Multiple Regression Analysis Using sklearn Module in Python

Regression analysis is used in machine learning for various prediction and classification problems. In this article, we will discuss multiple regression analysis, its assumptions, and its uses. We will also implement multiple regression analysis using the sklearn module in Python.

What is Multiple Regression Analysis?

Multiple regression analysis is a linear regression technique used to create prediction and classification models when we have a dataset in which independent variables and dependent variables are linearly related.

In multiple regression analysis, we try to find the relationship between the independent and dependent variables. For this, we try to find the best fit line so that the predicted dependent variable for a set of independent variables is closest to the actual dependent variable.

Multiple regression finds its applicability in various tasks like demand forecasting, time series analysis, and classification.

Multiple Regression Analysis Definition

Suppose that we are given a dataset containing independent variables X1, X2, X3, X4, X5 to XN and dependent variable Y. We can define multiple regression analysis as a process to find the coefficients A0 to AN such that line A0+A1X1i+A2X2i+A3X3i+A4X4i+A5X5i+.....+ANXNi is closest to Yi for entry i in the dataset. Basically, we need to find the equation of the following regression line.

Y= A0+A1X1+A2X2+A3X3+A4X4+A5X5+.....+ANXN

For deriving the above equation, we use the least-squares method to find the error term while creating the best-fit regression equation for the given dataset.

Now that we have discussed the definition of multiple regression analysis, let us discuss an example of multiple regression analysis with its implementation in Python.

Multiple Regression Analysis Example

Suppose that we are given a dataset containing two independent variables and a dependent variable as shown in the following table.

WeightRadiusHeight
305100
407.8123
509.9155
6012.7178
7014.6221
8016
Dataset for multiple regression analysis

Here, We have been given the weight of a pillar, its radius, and the corresponding height of the pillar. The weight and radius attributes are independent variables while height is a dependent variable. 

In multiple regression analysis, we need to find the coefficients A0, A1, and A2 such that A0+ A1*weight+A2*raidus is closest to the height of the pillar for any given set of weight, radius, and pillar.

Upon calculation, you can find the regression equation as follows.

height = 8.10913*weight - 21.3242*radius - 36.81461.

Now that we have got an overview of what we have to do in performing multiple regression analysis, let us implement multiple regression analysis using sklearn module in Python.

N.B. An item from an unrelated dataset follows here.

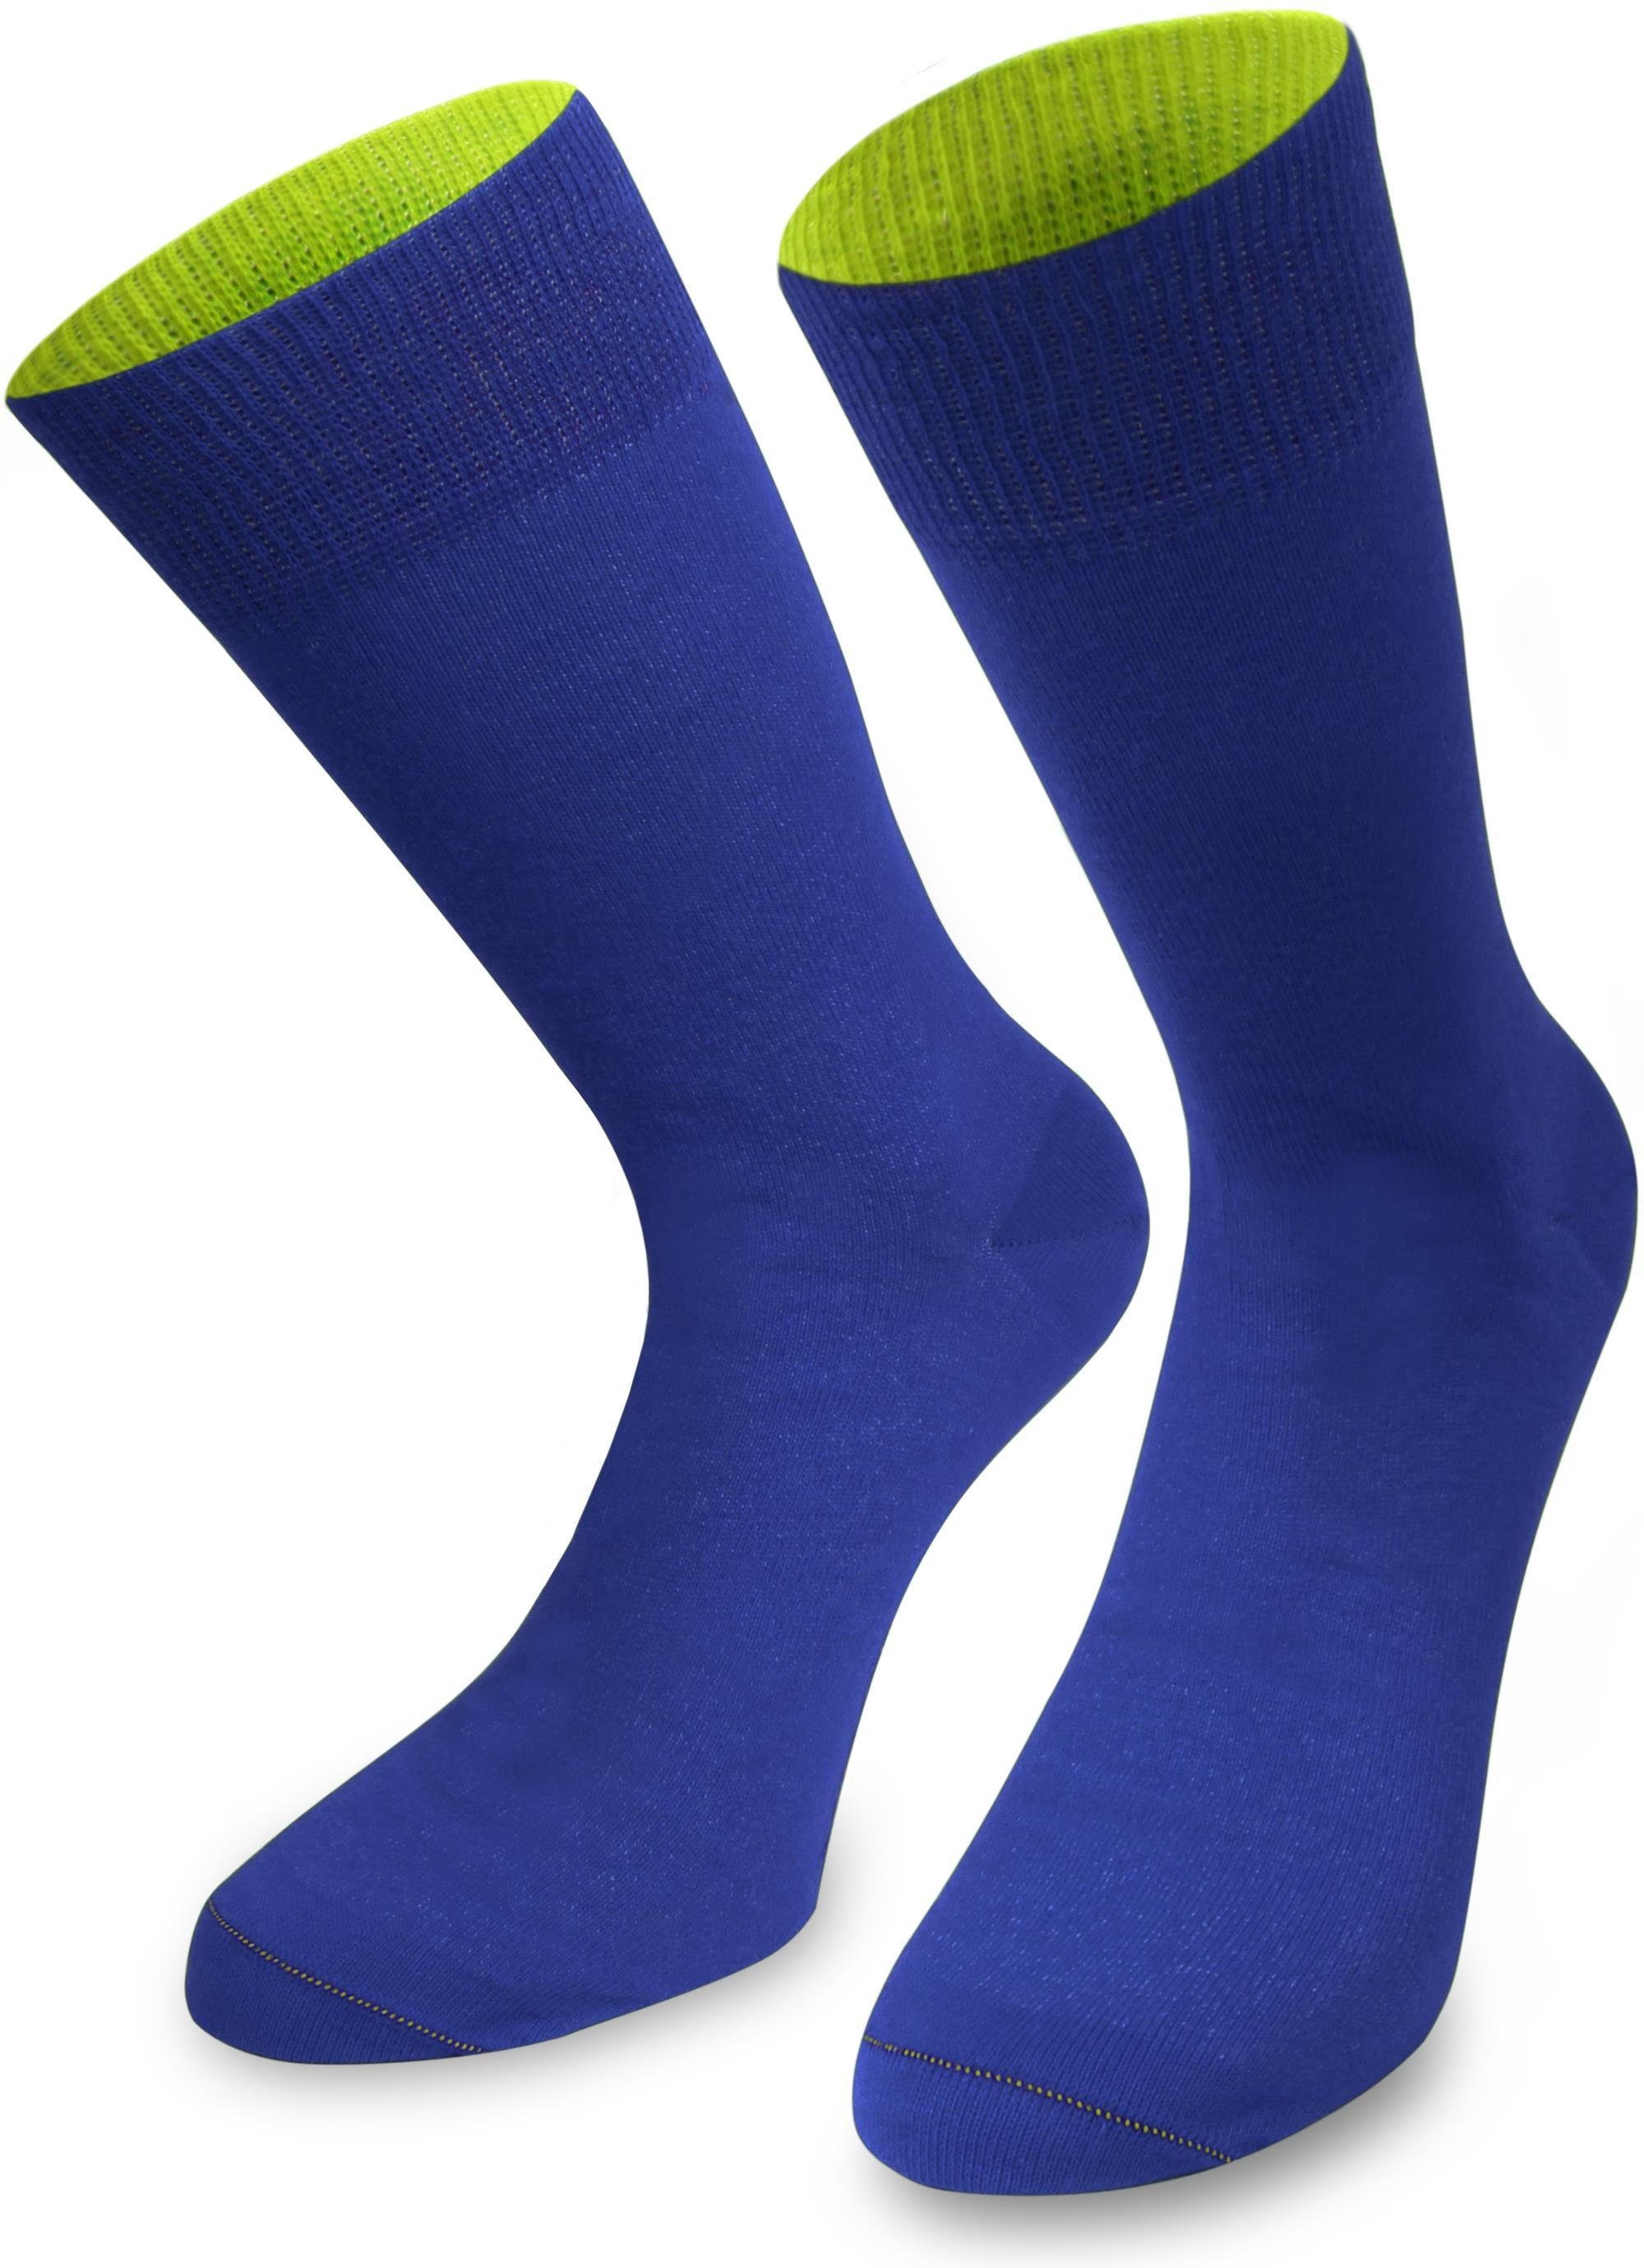 Basicsocken Bi-Color Socken abgesetzter Bund farbig Paar) normani (1 1 Paar Royalblau/Säuregelb

Multiple Regression Using sklearn in Python

To implement multiple regression analysis, we will use three functions defined in the sklearn module in Python. These are the LinearRegression() function, the fit() method, and the predict() method. 

  • The LinearRegression() function is used to create a LinearRegression() model without any training data. After execution, it returns a LinearRegressionModel object. 
  • The fit() method is used to train the linear regression model. It takes a list of the independent variable of the dataset as its first input argument and a list of dependent variables as its second input argument. After execution, it returns a trained linear regression model.
  • The predict() method is used to predict the value of the dependent variable for a given set of independent variables. The predict() method takes a list of independent variables and returns a list of corresponding dependent variables calculated from the linear regression model.

Before implementing the multiple regression analysis using the sklearn module in Python, we will convert the dataset into the desired format.

  • As we know that there are multiple independent variables in our dataset, we will create a list of tuples using the independent variables of the dataset for training the machine learning model.
  • If there are N independent variables namely X1, X2, X3, X4, X5 to XN in the dataset. Each independent variable will have its own list. In the lists of independent variables, the elements at the same position in each list correspond to the same entry in the dataset.
  • From the list of independent variables, we will create a list of tuples where each tuple contains N elements. The tuple at position i in the dataset should contain the values X1i, X2i, X3i, X4i, X5i, ....., XNi. Thus, the tuple at position i in the list of tuples will represent the ith entry in the dataset. 
  • To create the list of tuples from the lists of each attribute, we will use the zip() method. The zip() method will take each list X1, X2, X3, X4, X5 till XN as its input argument. After execution, it will return the list of tuples. 

Once we get the list of tuples, we will use it as the vector containing independent variables. To implement multiple regression analysis using the sklearn module in Python, we will use the following steps.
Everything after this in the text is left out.